There is no emotion, there is peace.
There is no ignorance, there is knowledge.
There is no passion, there is serenity.
There is no chaos, there is harmony.
There is no death, there is the Force.

  • The Jedi Code

LHC - School Yourself

Yesterday I talked about roadblocks to momentum and how to overcome them, but there was one very serious one that I didn’t really mention.

Fear.

It’s because I didn’t have the right brush to paint with, but something that I think I do have today – with the first “test” of the LHC (Large Hadron Collider).  Now, if you know anything about this, you know that there’s been more doomsaying and fretting over turning this thing on than the inevitable march towards the Y2K bug back in the year 2000.

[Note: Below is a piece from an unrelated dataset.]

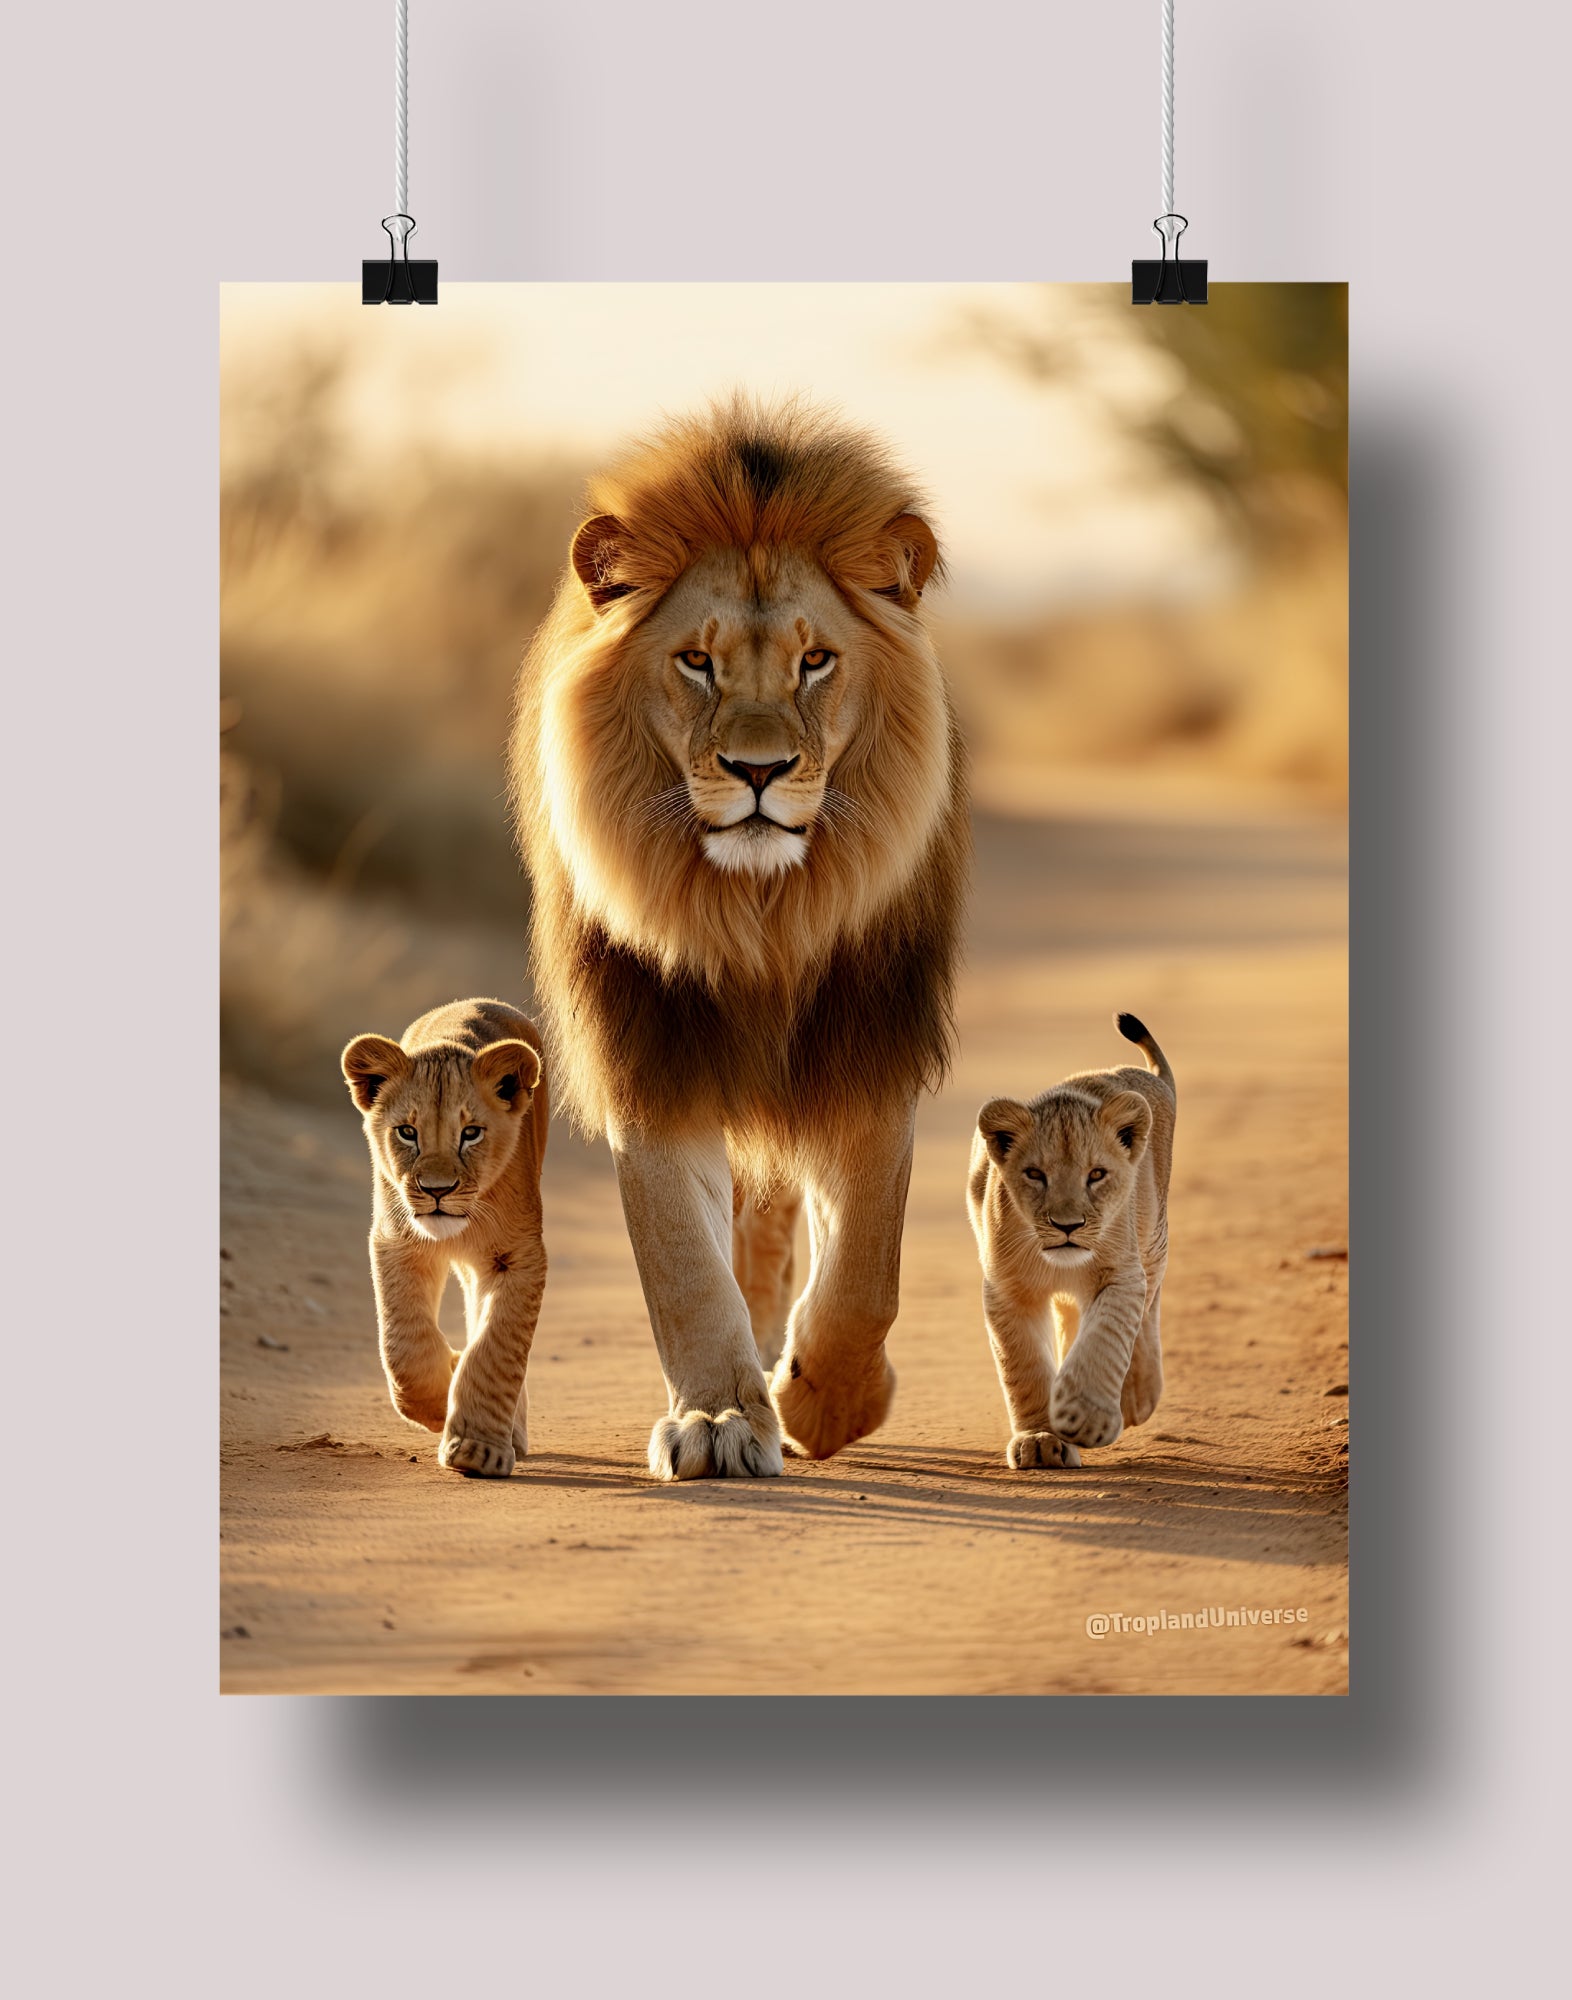 The Lion Family: Museum-Grade Poster - Tropland Universe

So what’s all the fuss about?  People often fear what they don’t understand… and lets face it – plenty of us claim to know a lot about a lot of things, but really only have a surface understanding of some of those things.  People are worried that the LHC will create a black hole.  Particle physics?  Quantum dynamics?  Well, not exactly my strong suits – but I trust in the experts, namely Stephen Hawking.  Hawking has told us that IF, in the rare event that the LHC managed to produce some sort of black hole, it would evaporate almost instantaneously because of the ultra-micro size, nature and energy of the black hole created.

Blah, blah, blah, right?  Well, apply these concepts of fear and misunderstanding to a business project.  Whether the project is Search Engine Optimization (which creates LOTS of fear whereever it is mentioned), that risky new idea, and so on… fear and misunderstanding will always stand in your way whenever risk is involved.  The only thing that can battle fear is knowledge.  Unfortunately, where admitting your own ignorance is hard, getting someone else to own up to theirs is even harder.  Tread carefully and don’t be insulting: provide lots and lots of evidence, make the subject exciting and fun, and best of all – accessible to the layman (don’t overwhelm someone with lots of jargon).

Whether it is your own fear or others’, it’s really true: the more you know, the further you will go!